The state of the art also includes additives that comprise different types of copolymers. Thus, patent U.S. Pat. No. 4,818,367 relates to a composition for an asphalt mixture that contains a copolymer of olefin with anhydride or nitrile, and an unsaturated elastomer that contains at least two terminal groups, each with an active hydrogen, a halogen, an epoxy oxygen or a cyanocarbon. The composition may be prepared by copolymerizing an olefin with an anhydride or a nitrile in the presence of a free-radical initiator and, subsequently, mixing the copolymer with the asphalt and the elastomer. The copolymer may be initially mixed with a mixture of petroleum oil, then with the elastomer and, finally, with the asphalt. The copolymer may be a polyanhydride of maleic anhydride and 1-octadecane and the elastomer may be a terminal hydroxy-polybutadiene.
The state of the art also includes asphalt compositions that comprise amine-type emulsifiers.

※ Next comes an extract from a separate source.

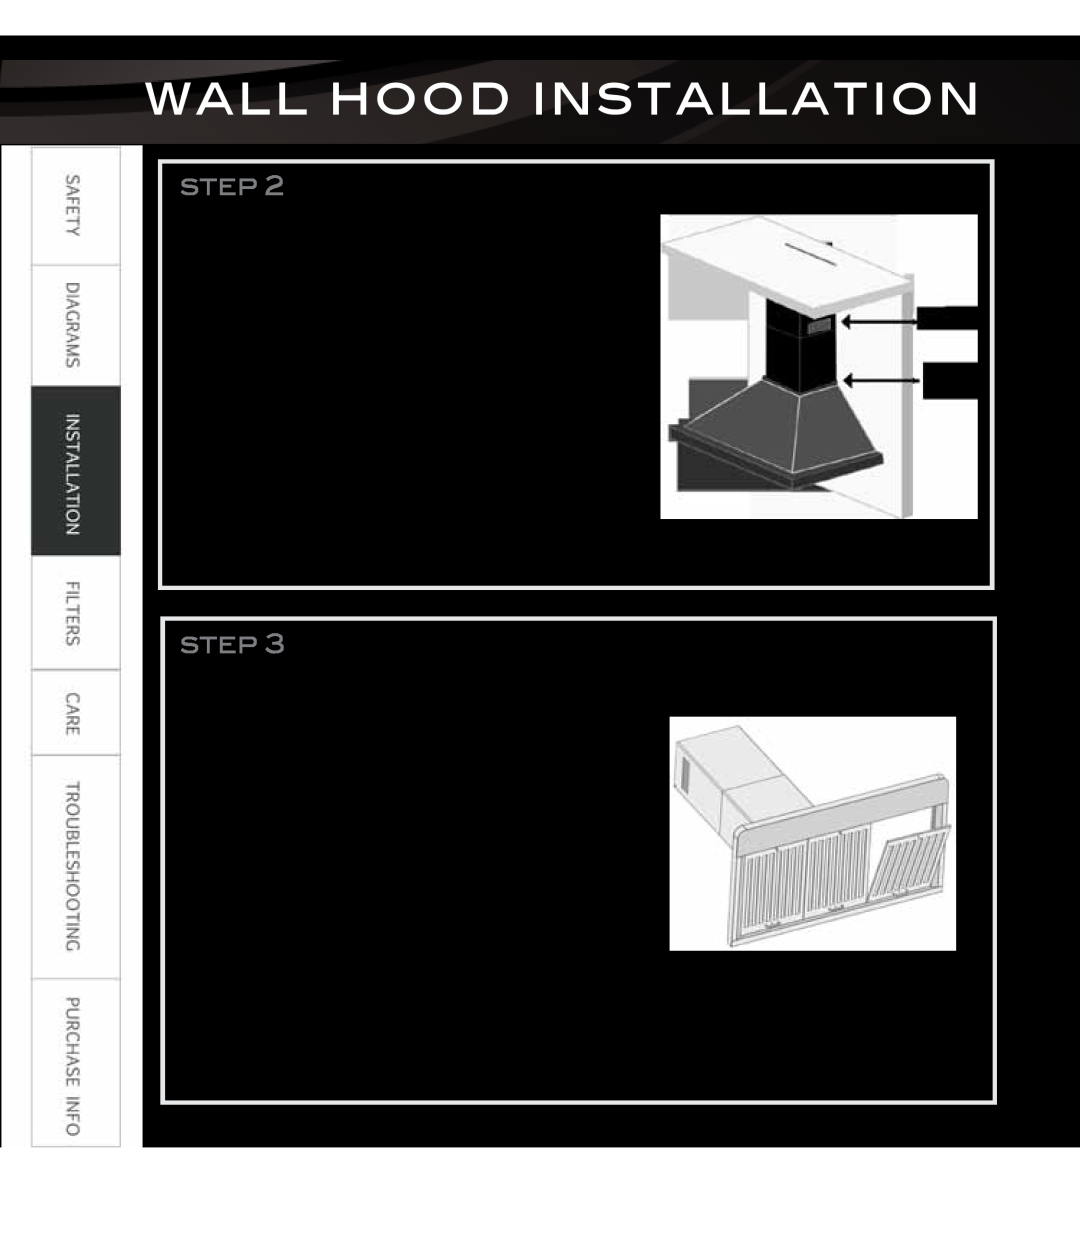 Proline PLFW543, PLFI750, PLFW812, PLFW544, PLFI543, PLFW832 Install chimney, Install grease filter, Wall Hood Installation

Thus, for example, patent JP 163100 discloses suitable liquid emulsifiers to prepare an asphalt emulsion that contain at least one amine compound selected from monoamines and polyamines, with between 8 and 22 carbon atoms in the aliphatic hydrocarbon group and at least one carboxylic acid, which is selected from saturated straight-chain carboxylic acids with an increasing number of carbon atoms; saturated branched-chain carboxylic acids with between 4 and 18 carbon atoms; unsaturated straight-chain carboxylic acids with between 12 and 18 carbon atoms; saturated carboxylic acids each containing a naphthene ring and between 5 and 18 carbon atoms; aromatic carboxylic acids each containing a benzene ring and between 7 and 18 carbon atoms; and dimer acids primarily composed of a dicarboxylic acid with 36 carbon atoms; the proportion by weight between the amine compound and the carboxylic acid ranges between 4/1 and 2/3.
Despite the inventions disclosed in the state of the art, there is still a need to obtain warm asphalt compositions that have mechanical properties similar to those of hot mixtures, and which exhibit a satisfactory behaviour in terms of compaction degree, adhesion and resistance to oxidation and fatigue.